Distributed consensus is one of those topics that sounds intimidating but is built on simple ideas. Let’s break it down.
The Problem
You have three servers. A client sends a write to server A. How do servers B and C learn about it? And what happens if server A dies before telling them?
This is the consensus problem: getting multiple machines to agree on a value, even when some of them might fail.
Raft: The Understandable Protocol
Raft was designed to be understandable. It breaks consensus into three sub-problems:
1. Leader Election
One server is the leader. It handles all writes. If the leader dies, the remaining servers hold an election.
Server A: "I haven't heard from the leader in 300ms. I'm running for election."
Server B: "Sure, you have my vote."
Server C: "You have mine too."
Server A: "I'm the new leader."
The election timeout is randomized (150-300ms) so servers don’t all try to become leader simultaneously. Simple but effective.
2. Log Replication
The leader receives writes and replicates them to followers:
- Client sends write to leader
- Leader appends to its log
- Leader sends the entry to all followers
- Once a majority confirms, the write is committed
- Leader responds to client
The key insight: you only need a majority (2 of 3, 3 of 5), not unanimity. This is what makes the system fault-tolerant.
3. Safety
Raft guarantees that once a log entry is committed, it will never be lost — even if servers crash and restart.

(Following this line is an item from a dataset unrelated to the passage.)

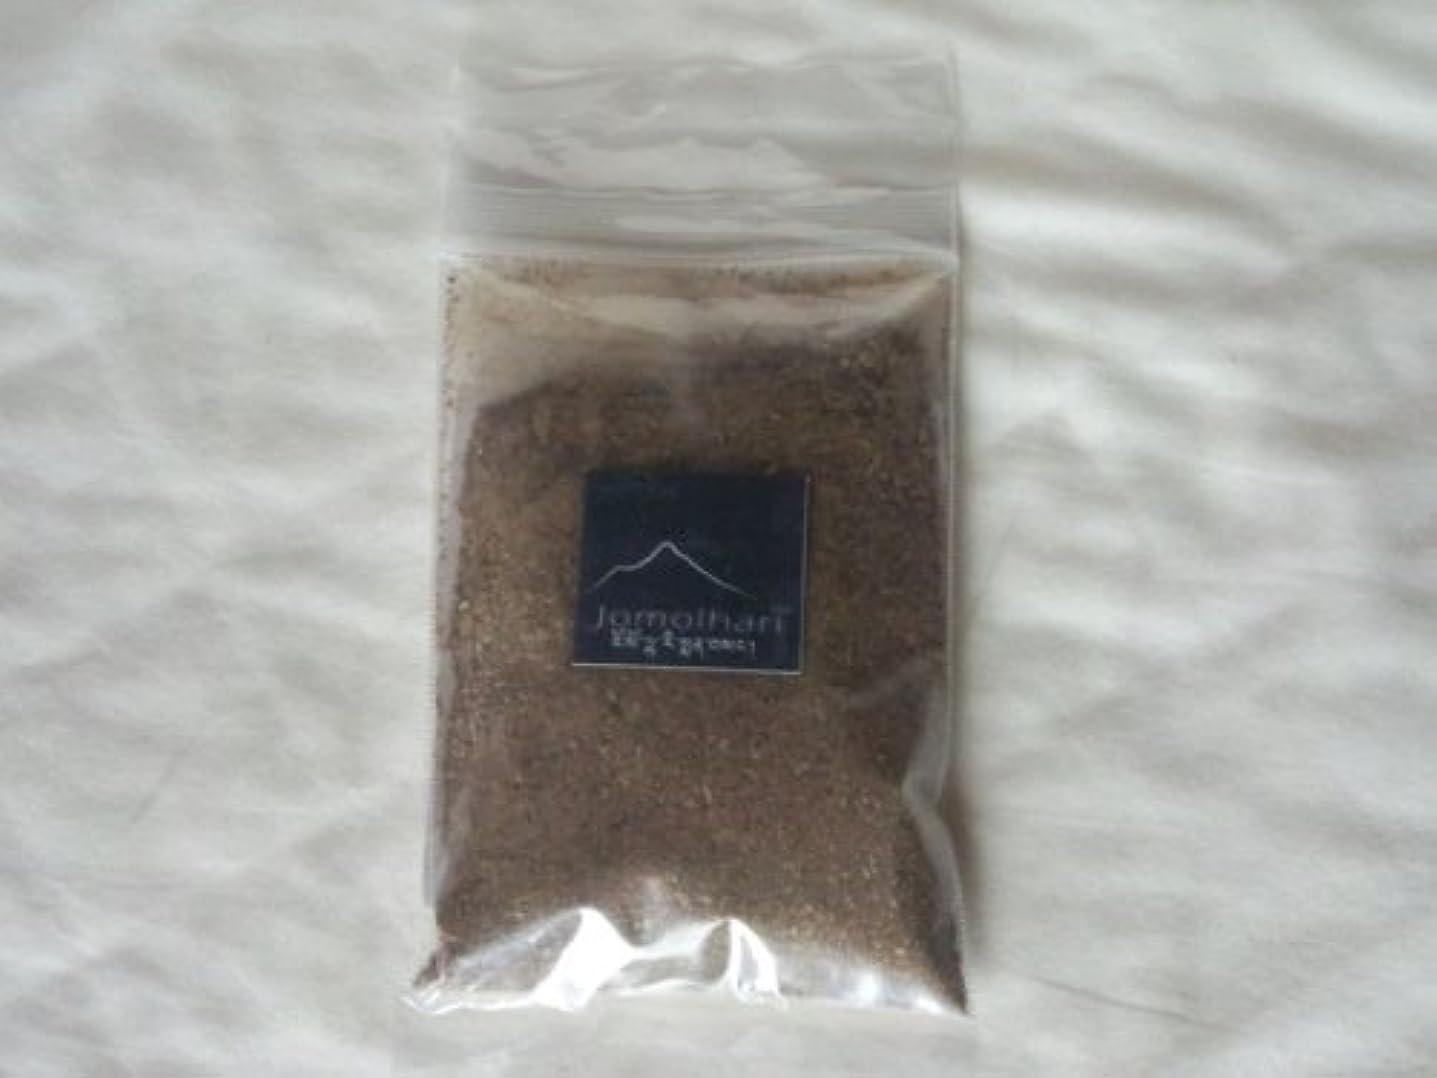 レンズソビエトコメンテーターチミ香/ジョモラリ(パウダーインセンス)50g  Jomolhari - Powder
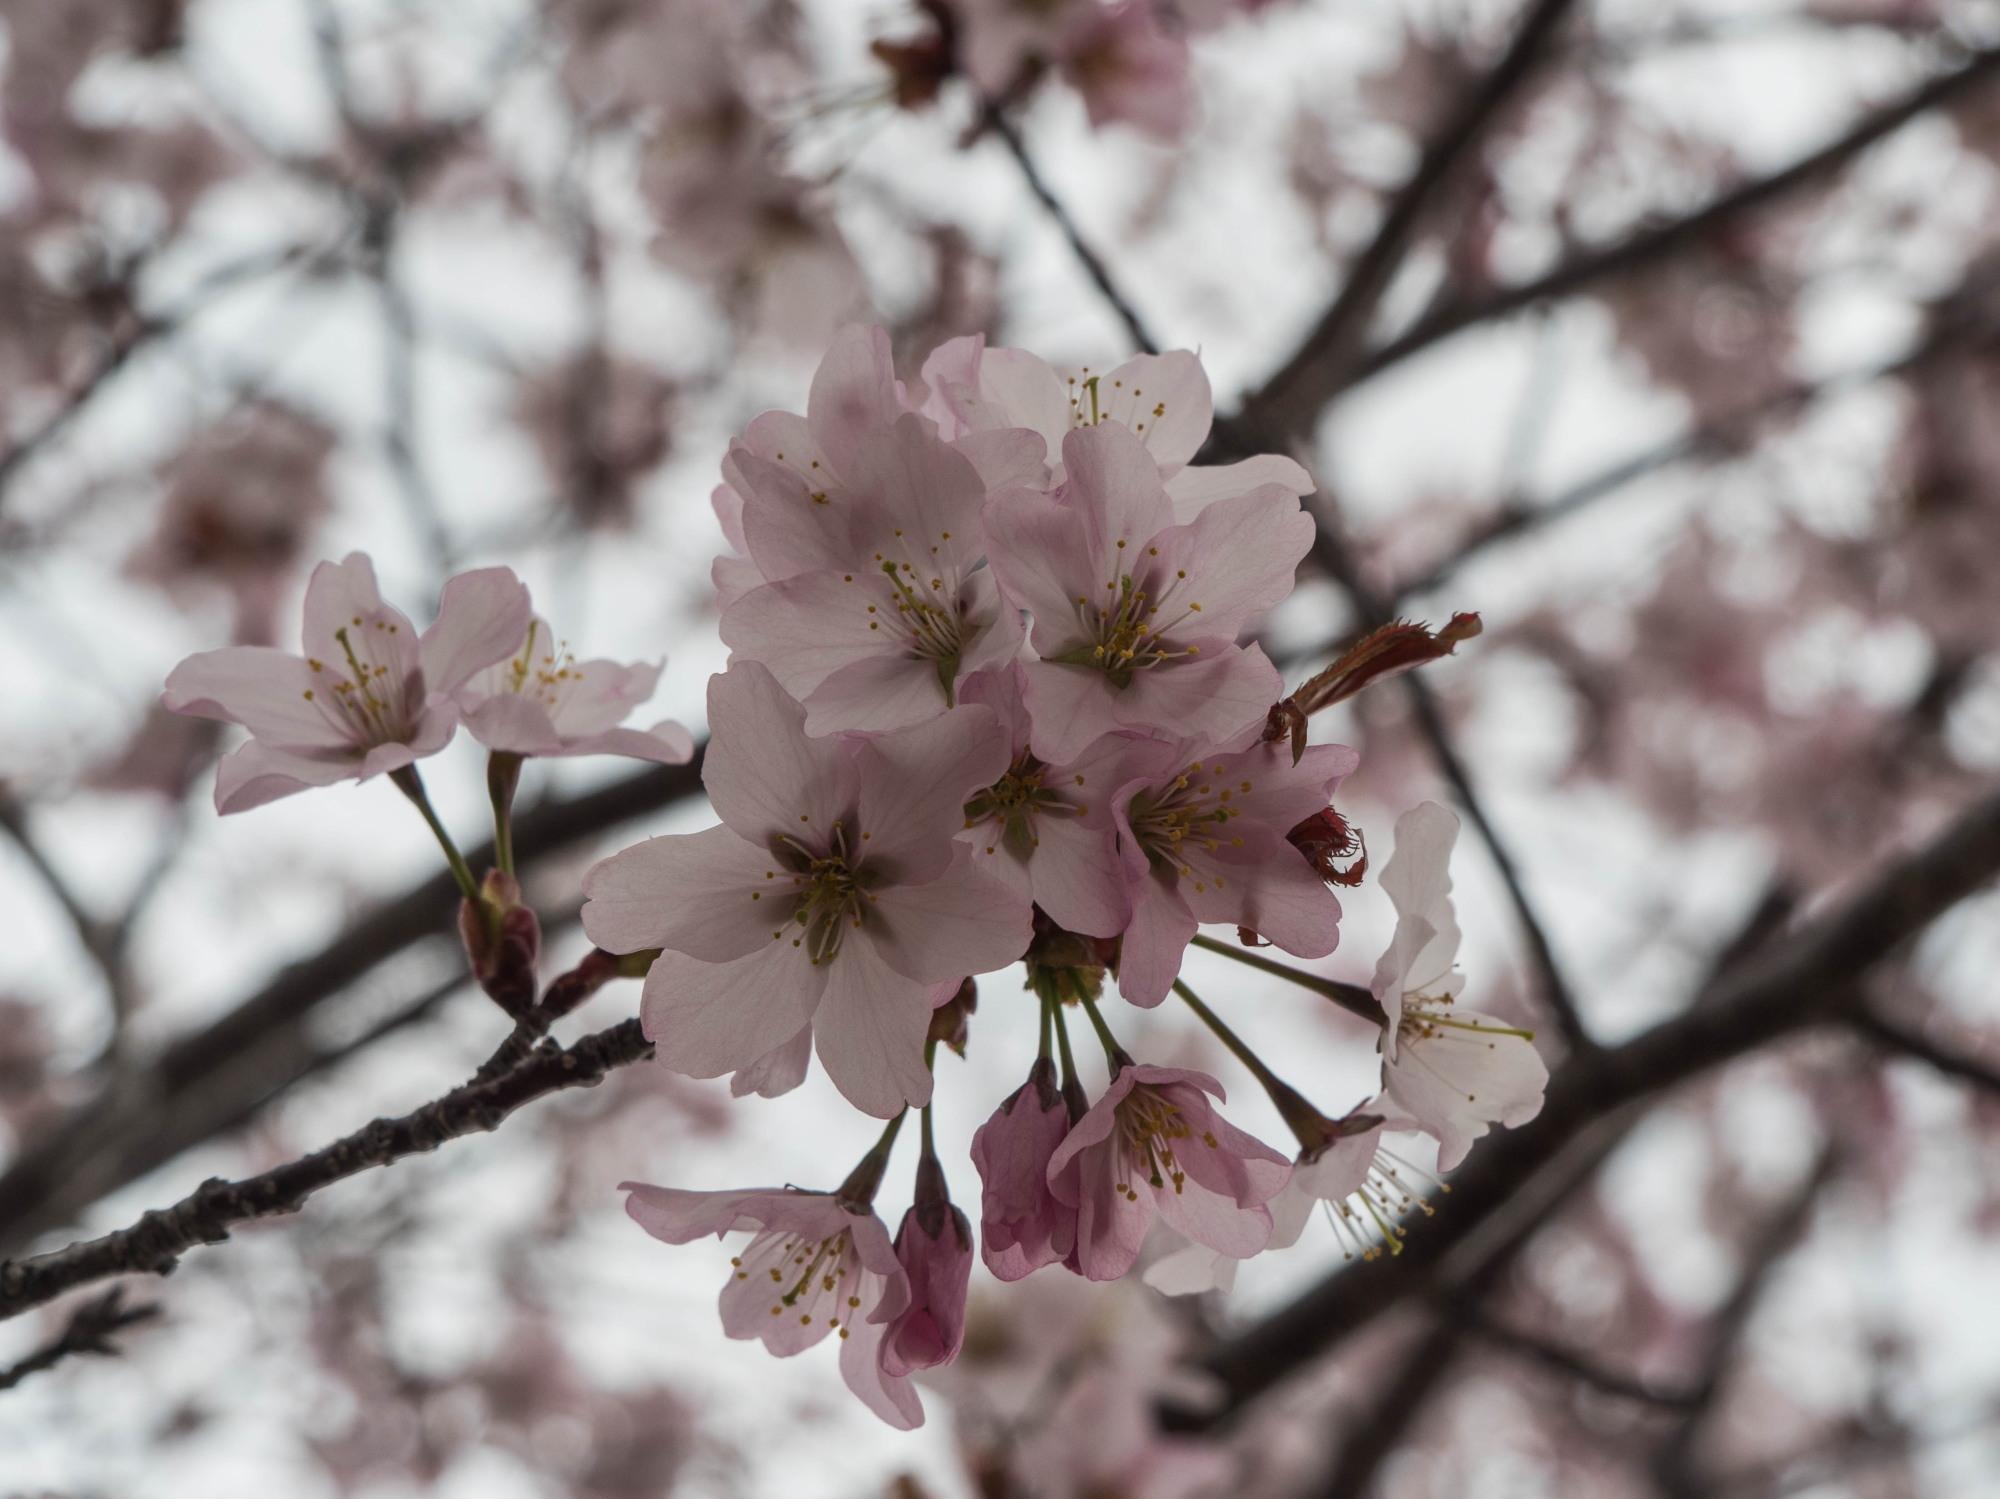 十勝の桜名所「桜六花公園」のサクラが満開になりました。_f0276498_11342365.jpg

This is ensured by:
- Only electing leaders that have all committed entries
- Never overwriting committed entries
When You Need This
Most applications don’t need to implement consensus directly. But you use it every day through:
- etcd (Kubernetes uses it for cluster state)
- CockroachDB and TiKV (distributed databases)
- Consul (service discovery)
Understanding how it works helps you reason about consistency, availability, and the trade-offs your infrastructure makes.
The CAP Theorem Connection
You can’t have all three:
- Consistency — every read gets the latest write
- Availability — every request gets a response
- Partition tolerance — the system works despite network failures
Raft chooses CP — consistency and partition tolerance. During a network partition, the minority side stops accepting writes rather than risk inconsistency.
This is a deliberate trade-off, and it’s the right one for coordination systems. For user-facing data, you might prefer AP systems like Cassandra.